- 723 Okunma
- 3 Yorum
- 0 Beğeni
Bi uyanamadık anasını satim, uyansak balığa gideceğiz “sazana”
[I]Her telden: Biraz uçuk, biraz kaçık, sonradan görme bir işverenin, işçiler arasında dolaşırken “görürsünüz siz” veya “görürsün sen” dediğine birkaç kez şahit olmuştum. Bir keresinde bir işçinin çalışırken gülmesine kızan patron “bir yevmiyeni kestim burası pavyon mu? İş yeri “demişti. Zavallı işçi “ama ben işimi aksatmıyorum ki?” diye karşılık vermişti ki, “Patron çok yüksek bir sesle “Sus ukala, bir yevmiyeni daha kestim, sen kim oluyorsun da bana cevap veriyorsun, dangalak” demişti.

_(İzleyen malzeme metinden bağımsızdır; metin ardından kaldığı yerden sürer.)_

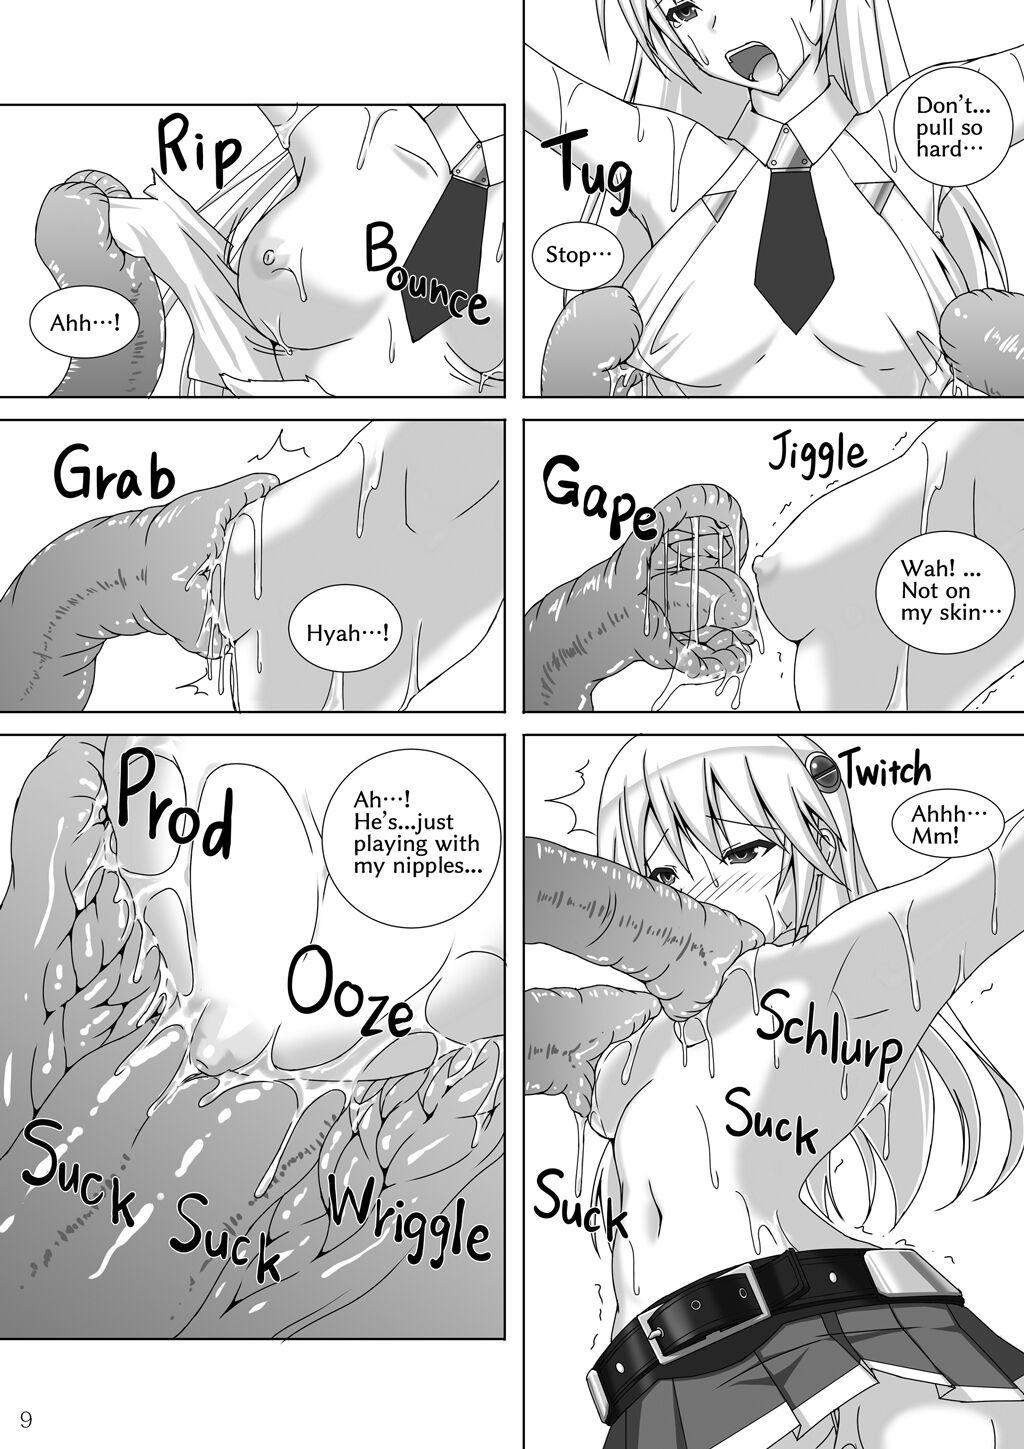 Licking Pussy Noel Doesn't hate Arakune Anymore! 3 - Blazblue Tight - Page 10

Sonra dönüp “İşçi milletine fırsat vermeyeceksin, bunlara azıcık müsamaha gösterirsen başına çıkarlar başınaaaa!”
Tevekkeli değil işçiler üzerindeki bu baskı, onları ruhsuz birer robota dönüştürmüştü!
Bunun sadece ucuz Türk filmlerinde olduğunu sanırdım ben…
Hemen çocukluğum geldi aklıma.
-Rovalver tezgahlarında, Pirinç çubuklardan ustalar bisiklet sibop’u yaparlarken ben bu sibop’lara oturduğum yerde, matkapta delik açıyordum. İçerde öyle çok gürültü vardı ki tezgahların sesinden, insan konuştuğunu zor duyuyor. Bu gürültüde kimi zaman ıslıkla kimi zaman sözle, Ferdi’den parçalar söylüyordum. Zaten kimse, kimsenin sesini çok dikkat etmeyince duyamıyordu.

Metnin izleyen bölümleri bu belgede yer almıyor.